From the front porch of Joe and Mary Wessel’s home, the steeple of St. Ann Church looked unscathed. But they know better. A few nights before, it was silhouetted against a ball of fire. In the days since, Mary has given into the repeated urge to go by the church and gaze upon the destruction, not so much to feed her sadness, but rather to remind herself that it’s all real.
Joe and Mary were keepers of fire for their parish. It was Joe who climbed up a step ladder and made sure that

Joe and Mary Wessel were keepers of symbolic fire in their parish. Now they mourn what fire has taken away.
the church’s sanctuary lamp was lit–a flame symbolic of the presence of Christ among the faithful. And Mary always made sure that a small candle was burning at the foot of the statue of the Virgin Mary.
Now the couple, married for 52 years, mourns the loss inflicted by a different kind of fire.

Father Ben, pastor of St. Ann and a monk of St. Benedict’s Abbey, points out the destruction of a recently renovated sacristy.
“The linens, the chalices, the vestments, these are all part of our faith,” Mary said. “I’m a Eucharistic minister and when I used to open that tabernacle and distribute Communion I felt like a different person; it was a strong feeling.”

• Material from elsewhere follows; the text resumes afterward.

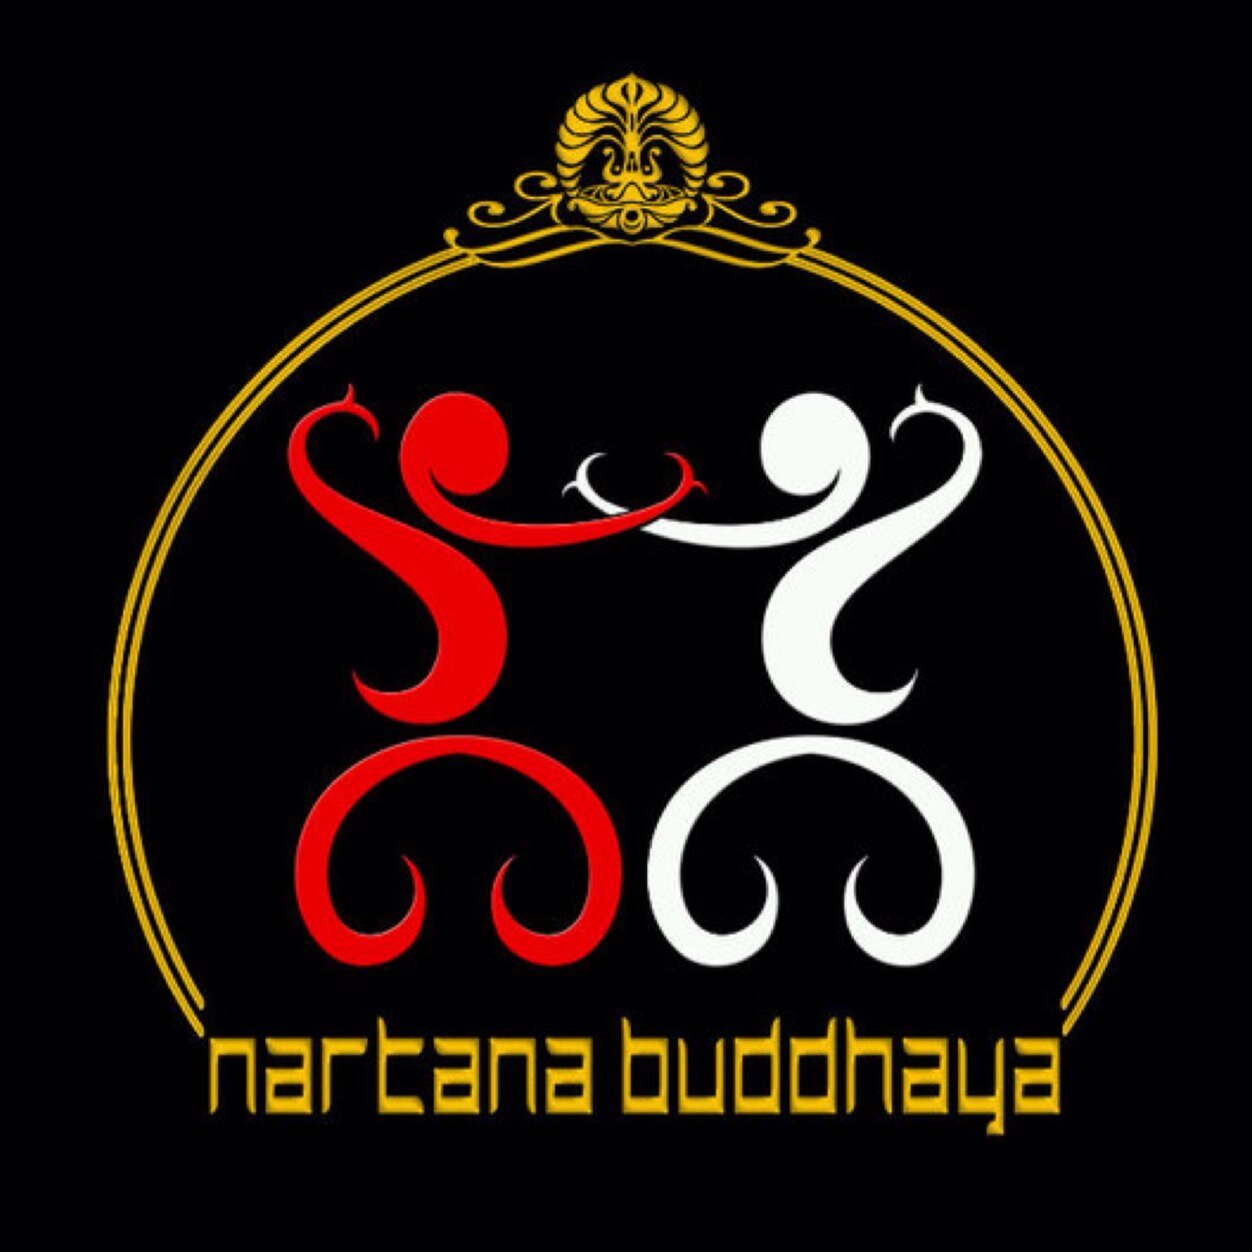 BSO Tari Fakultas Ilmu Pengetahuan Budaya, Universitas Indonesia | Trads&Modern dance for ur event, Contact: 082122707278 (Adinda)

She said she’ll miss the tabernacle, which was square and topped by what looked like white marble.”
“It’s like a part of me is gone,” she said. “It hurts real deep.”
But as deep as the pain is, the roots of the parish are even deeper, Joe said. “Generations.”
He said it was remarkable how many people from other faiths showed up for the prayer service. That, he said, only boosted his already strong faith in the parish community.
“We’re real strong,” he said. “We’re one big family.”
Walt and Eileen Wohletz were planning to celebrate their 60th wedding anniversary in St. Ann Church in August.
“We were going to have a Mass and a dinner with our family gathered around us,” Walt said. “That’s kind of changed now. But that’s not half as bad as the girl who was going to get married here on May 3rd.”
Walt has lived on the same farm north of Effingham his whole life. “I was baptized here, confirmed here, had my first communion here, went to school here, I was an altar boy here,” he said. “I served many weddings and many a funeral. There’s a big sadness in my heart.”
Eileen is scurrying about in the parish hall. She is the parish music director and feels the loss of the church’s “lovely organ,” and all of the parish’s songbooks and sheet music. Fortunately, she says, she had kept her own personal copies of much of the music at her home, and is busy photocopying them so that the parish will have music for upcoming Masses.
“Books and books of music, all the books in the pews, lots of music I had purchased through the years—cabinets full of music,” she says. “All gone; I can’t believe it.”
Eileen said that first it will be the songbooks and the organ that will be missed, but tomorrow it will be something else.
“We don’t even realize our loss yet,” she said.